Entertainment

R Kelly’s newly released album removed from Apple and Spotify

R Kelly’s new album has seemingly been removed from Spotify and Apple Music after being uploaded while he is behind bars.

The disgraced musician is serving a 30-year prison sentence after being convicted of sex trafficking and racketeering charges.

He was also recently found guilty of three child pornography counts and three counts of enticing minors for sex in a separate case, in Chicago

This week the convicted sex trafficker seemingly released a new album – titled I Admit It – which was made available on Apple Music and Spotify.

However it appears the album has now been removed by both streaming sites, and the distributor claims it was a bootleg

A representative for Legacy Recordings of Sony Music was credited on the album, but a spokesperson has insisted to Variety that the album was not legit and was a bootleg
A representative for Spotify told the outlet the album was removed ‘at the request of the representative for Spotify told the outlet the album was removed ‘at the request of the distributor,’ while Kelly’s attorney Jennifer Bonjean said Kelly’s team did not release the album and his ‘intellectual property’ was ‘stolen.’

The last three songs on the album are titled I Admit It (I Did It) part one, part two, and part three, and according to TMZ addressed the accusations that landed him behind bars in the tracks.

The 55-year-old, whose real name is Robert Sylvester Kelly, apparently pleads his innocence in the I Admit It Tracks, reportedly rapping: ‘How they gon’ say I don’t respect these women when all I’ve done is represent/ You mad I’ve got some girlfriends’.

TMZ reports he also goes on to say, in the track, that allegations that he had ‘brainwashed’ and ‘kidnapped’ women sounded ‘silly’, and referenced the parents of one woman he was allegedly intimate with.

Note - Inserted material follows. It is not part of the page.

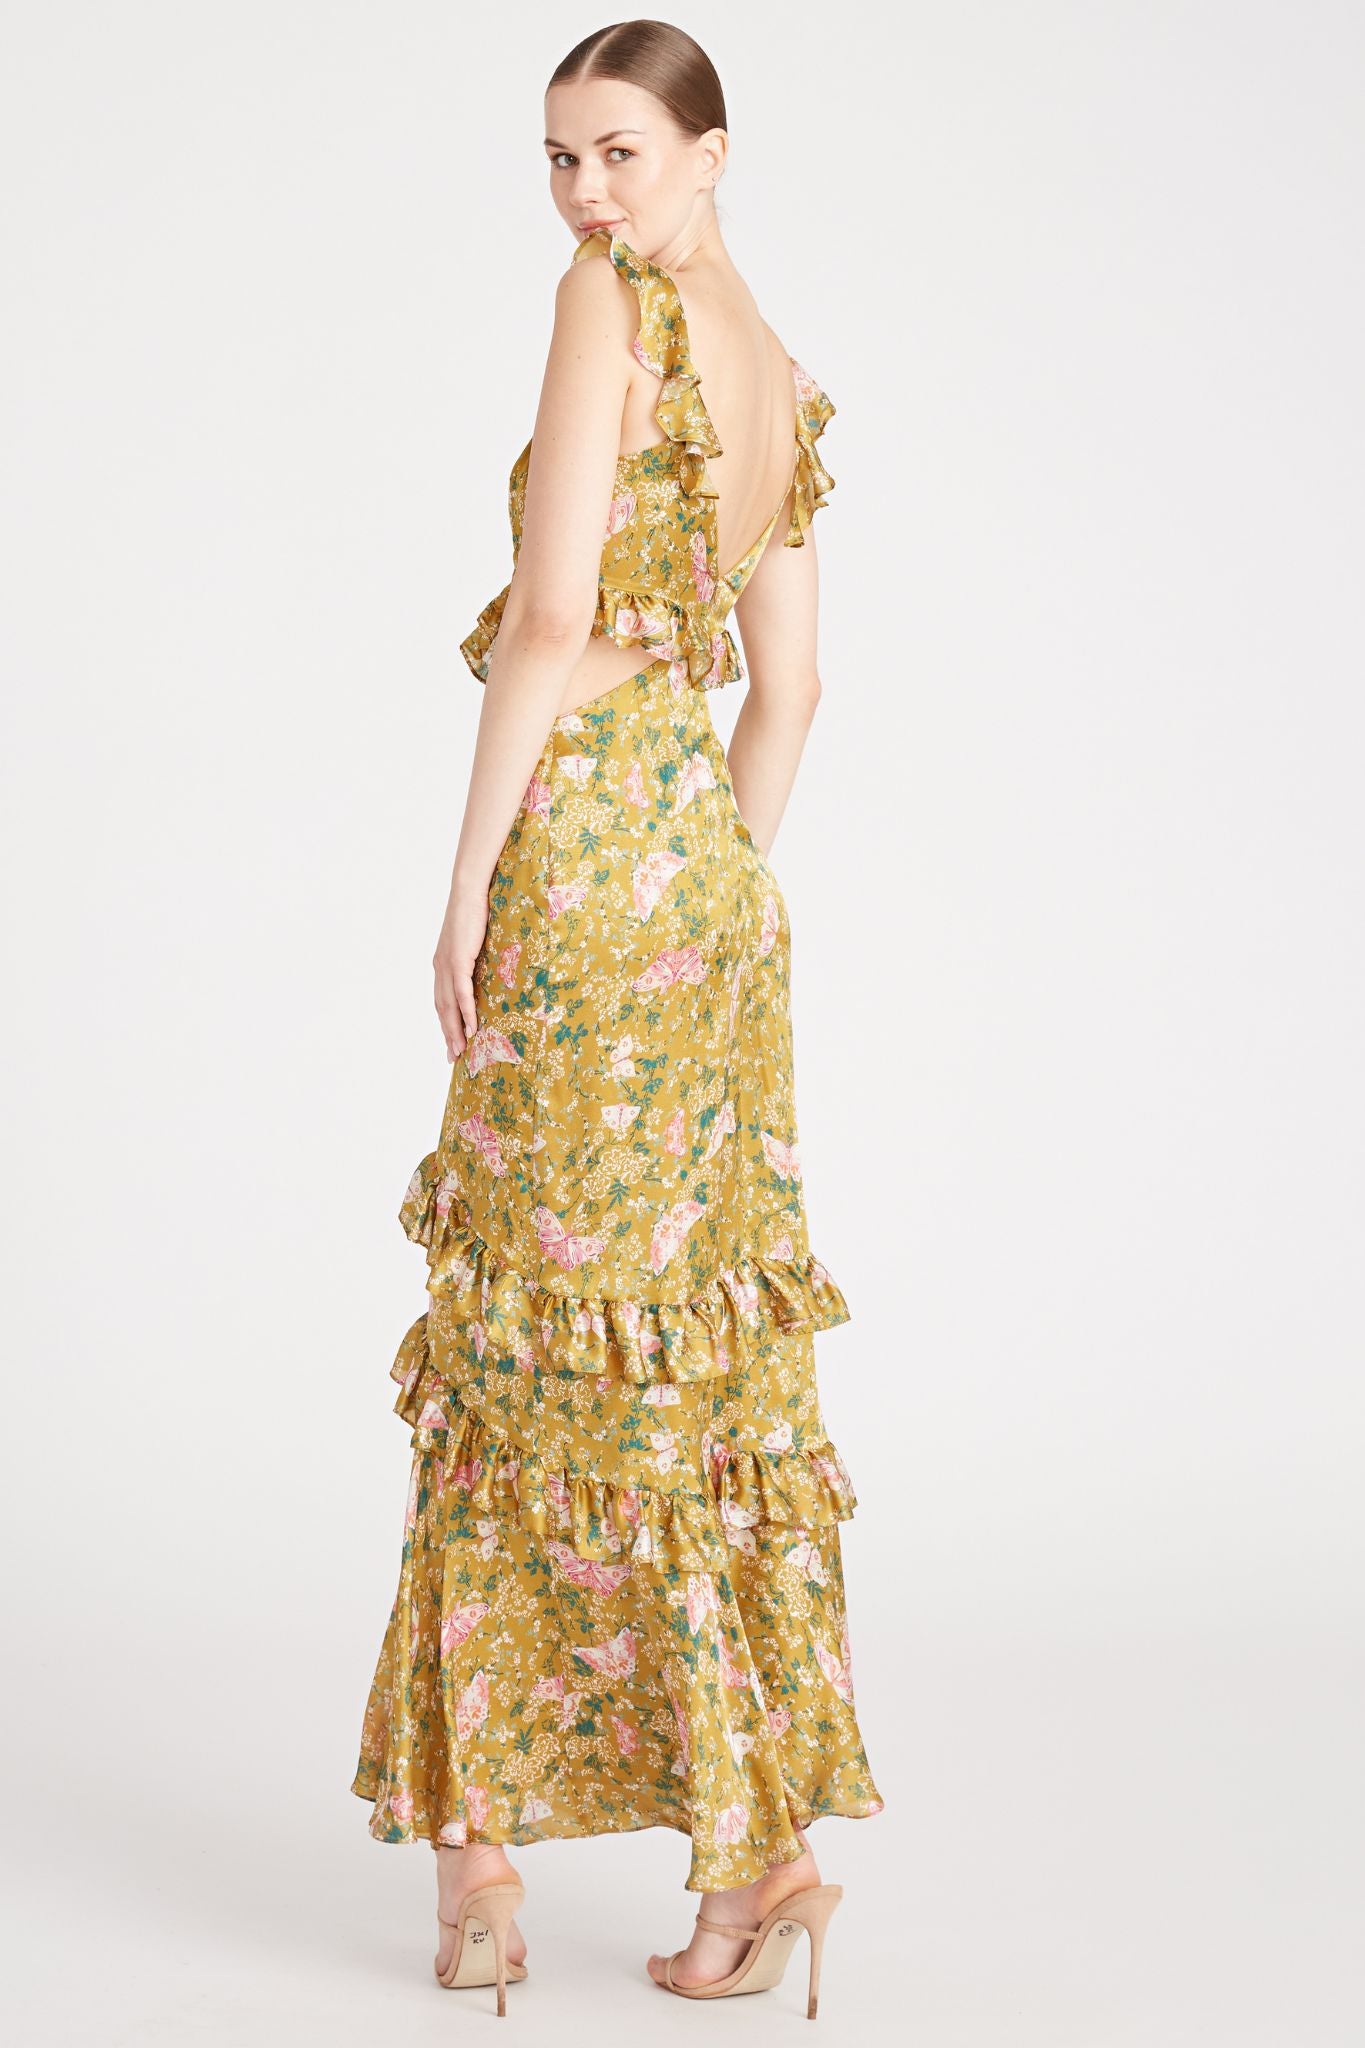 Magnolia Gown by AMUR - RENTAL

In June, he was sentenced to 30 years behind bars after he was found guilty of nine sex trafficking and racketeering charges, following a 2021 trial in New York.

Following the proceedings, he took the stand in Chicago in a separate trial, and was later convicted of six out of 13 counts, of child pornography and enticing minors for sex.

He could face a further 10 years in prison, with his sentencing date set for February.

Kelly has fiercely denied all accusations made against him.

In 2018, Spotify bosses announced that they would be removing the I Believe I Can Fly star’s songs from playlists and no longer promoting his work, in the wake of a #MuteRKelly movement.